Garrett V. Conover, Bokota Ehrhardt McCloskey Wilson & Conover, P.C., Merrillville, for Appellant.

Thomas F. Macke, Jeffrey S. Wrage, Blachly Tabor Bozik & Hartman, Valparaiso, for Appellee.

OPINION

BARNES, J.

Case Summary

Beta Steel ("Beta") appeals the trial court's denial of its motion for summary judgment in Margaret Rust's negligence action against it for the wrongful death of her husband, Brian Rust. We affirm.

Issues

We restate and reorder the issues before us as:

I. whether there is any evidence Beta owed a duty of due care to Brian, an employee of an independent contractor hired by Beta to perform work at Beta's facility;

II. whether, if such a duty was owed, there is any evidence Beta breached that duty; and

III. whether, if Beta owed a duty to Brian and breached that duty, the alleged negligence of the independent contractor was the intervening cause of Brian's death as a matter of law.

Facts

Beta contracted with Hyre Electric to complete a project at its steel mill that involved the relocation, in the mill's electrical control room, of certain equipment onto an elevated steel rack. On January 28, 2000, Brian was working above an electrical control cabinet, the top of which is about six feet above the floor, installing and welding part of the steel rack. At some point, he stepped down onto the metal top of the cabinet, which then buckled and came into contact with energized components inside the cabinet. This resulted in Brian's electrocution and death, as well as several explosions in the control room that lasted for three to five minutes before power could be shut off. It is unclear from the designated evidence whether Brian stepped on the cabinet intentionally or inadvertently.

The electrical control cabinet Brian stepped on had been installed at Beta's mill in 1991. There is designated evidence in the record that Phillip Doolittle, an electrical engineer/consultant, advised Beta at the time that its electrical control cabinets lacked ground fault protection, as required by electrical safety regulations, to cut the flow of electricity within a fraction of a second in the event of a problem. Without installing such a system, Doolittle told Beta representatives, they were risking human life and damage to hundreds of thousands of dollars worth of equipment. Doolittle also testified in his deposition that a Beta employee responded to his recommendation to install a ground fault protection system, "We'll do that later." App. p. 166. However, when Doolittle inspected Beta's electrical control room after Brian's death, he found to his "shock, disbelief, and extreme disappointment" that it had not installed the recommended system. Id. at 184. Doolittle also opined that such a system could have prevented Brian's death, and the most that might have happened would have been Brian's being startled by a loud clap and falling to the ground after he stepped on top of the cabinet. Doolittle also stated that all other steel mills in Northwest Indiana "without exception" have ground fault protection systems such as he recommended to Beta Id. at 183.

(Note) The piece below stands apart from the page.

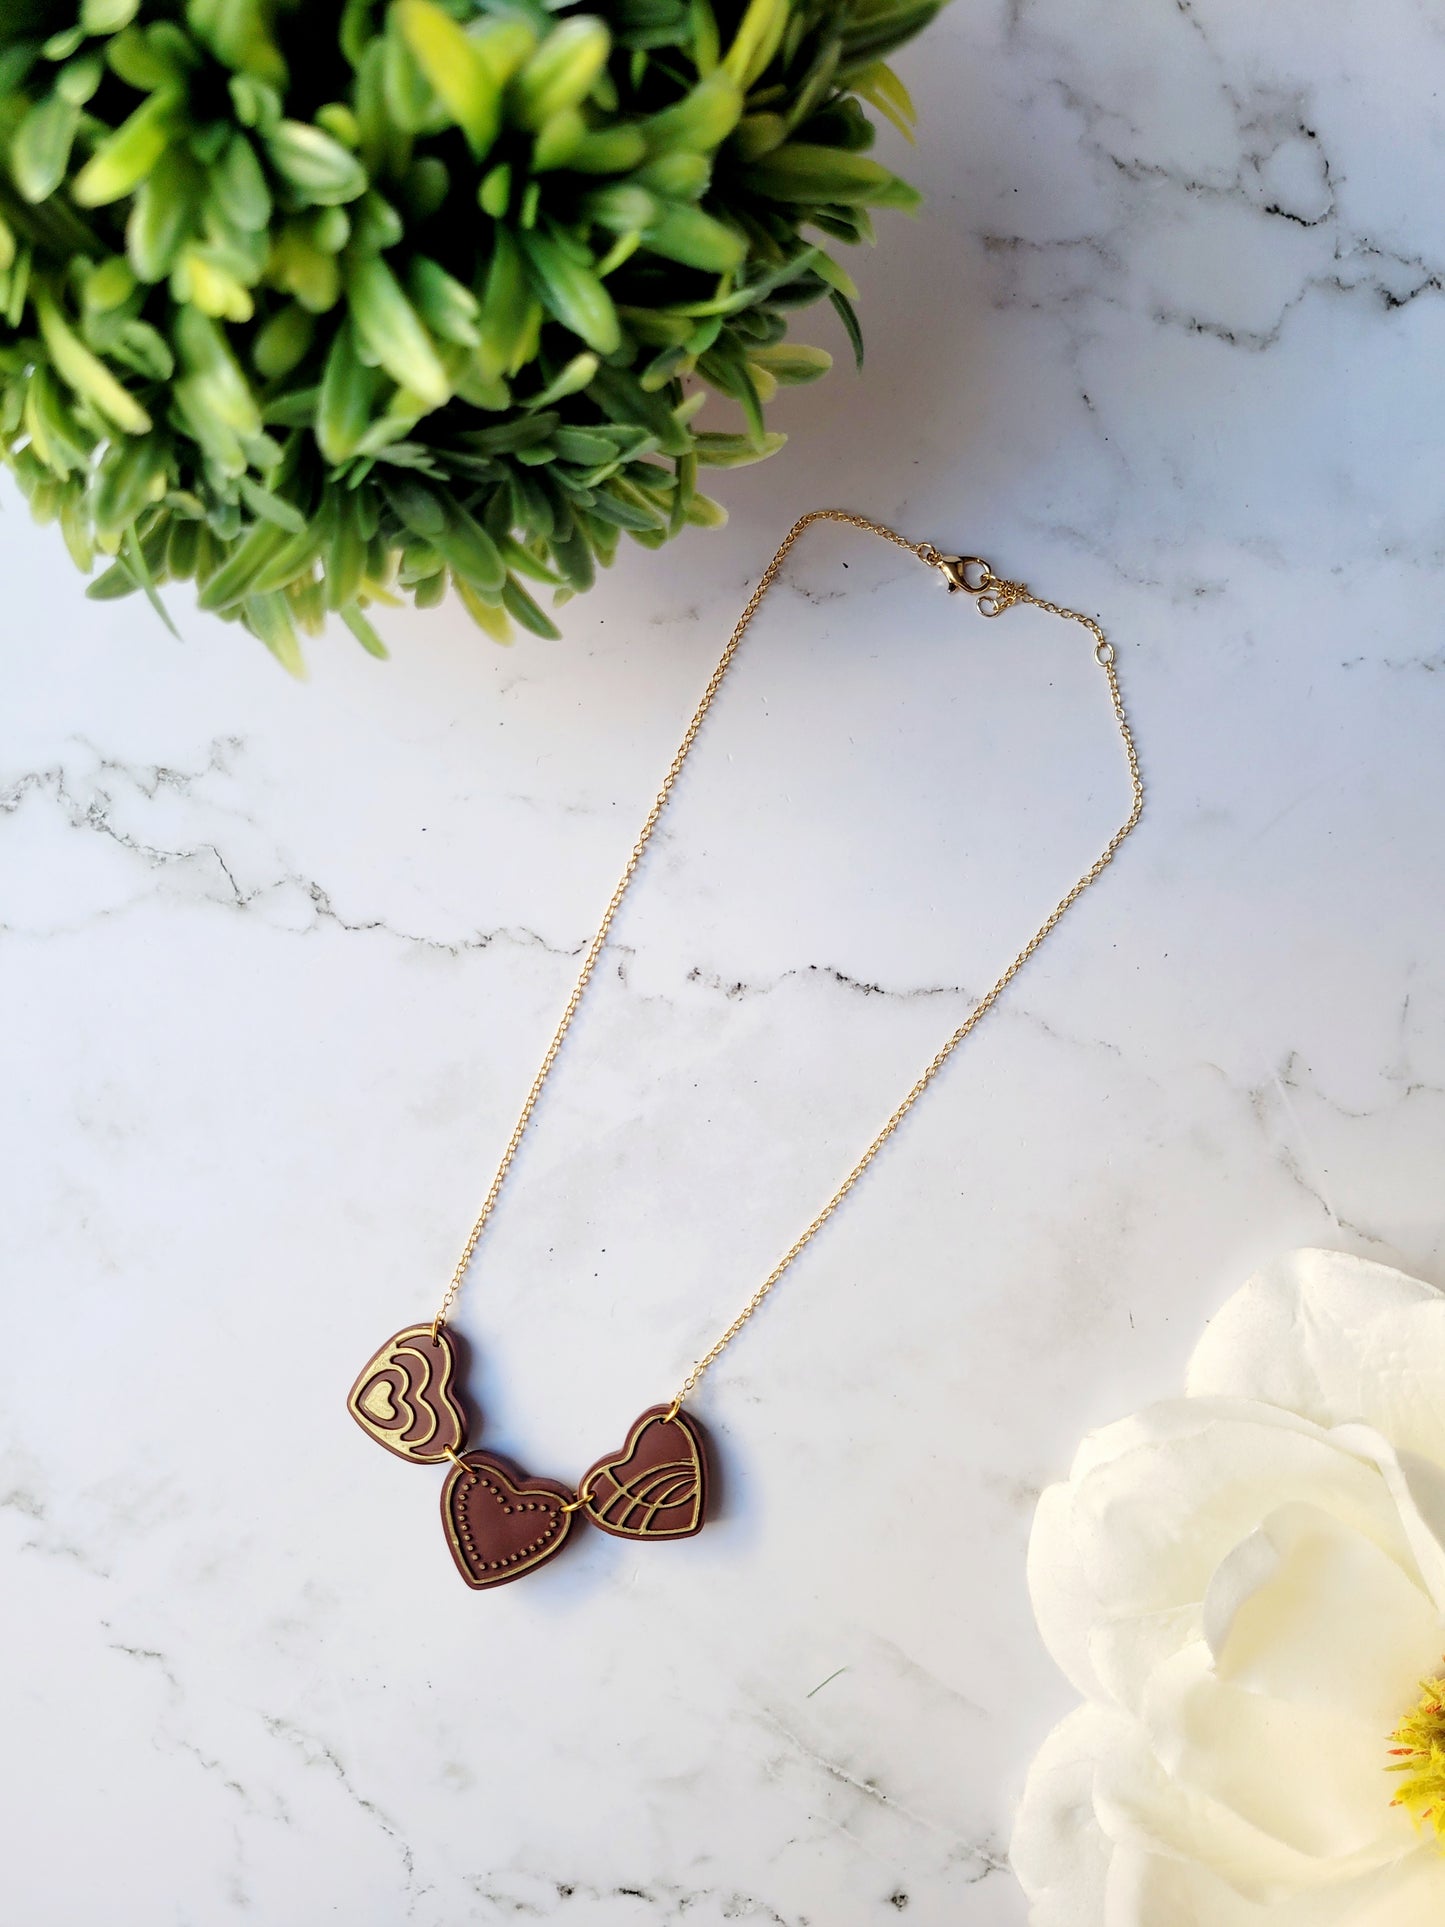 Chocolate and gold heart truffle necklace on a white background.

There is also designated evidence in the record that electricians routinely walk on top of metal electrical control cabinets without difficulty in performing their work. Edward McCorkle of Hyre, Brian's foreman, testified in a deposition that in his thirty years as an electrician, every metal electrical control cabinet he was aware of had been strong enough to walk on top of. He also testified, "We work on metal clad switch gear all the time that is energized, and if there was a problem we should have been told." Id. at 742.

Brian Green, Beta's Electrical Maintenance Supervisor, was aware that electricians sometimes walked on top of electrical control cabinets to perform their work, and he had done so himself on previous occasions. He also claimed, however, that he had told McCorkle the top of at least one of the particular cabinets in Beta's control room was too weak to be walked on. The specific cabinet Green pointed out to McCorkle was slightly different and located in a different part of the control room from the cabinet Brian later stepped on. Additionally, there is no evidence Green advised McCorkle of the lack of ground fault protection for the cabinets.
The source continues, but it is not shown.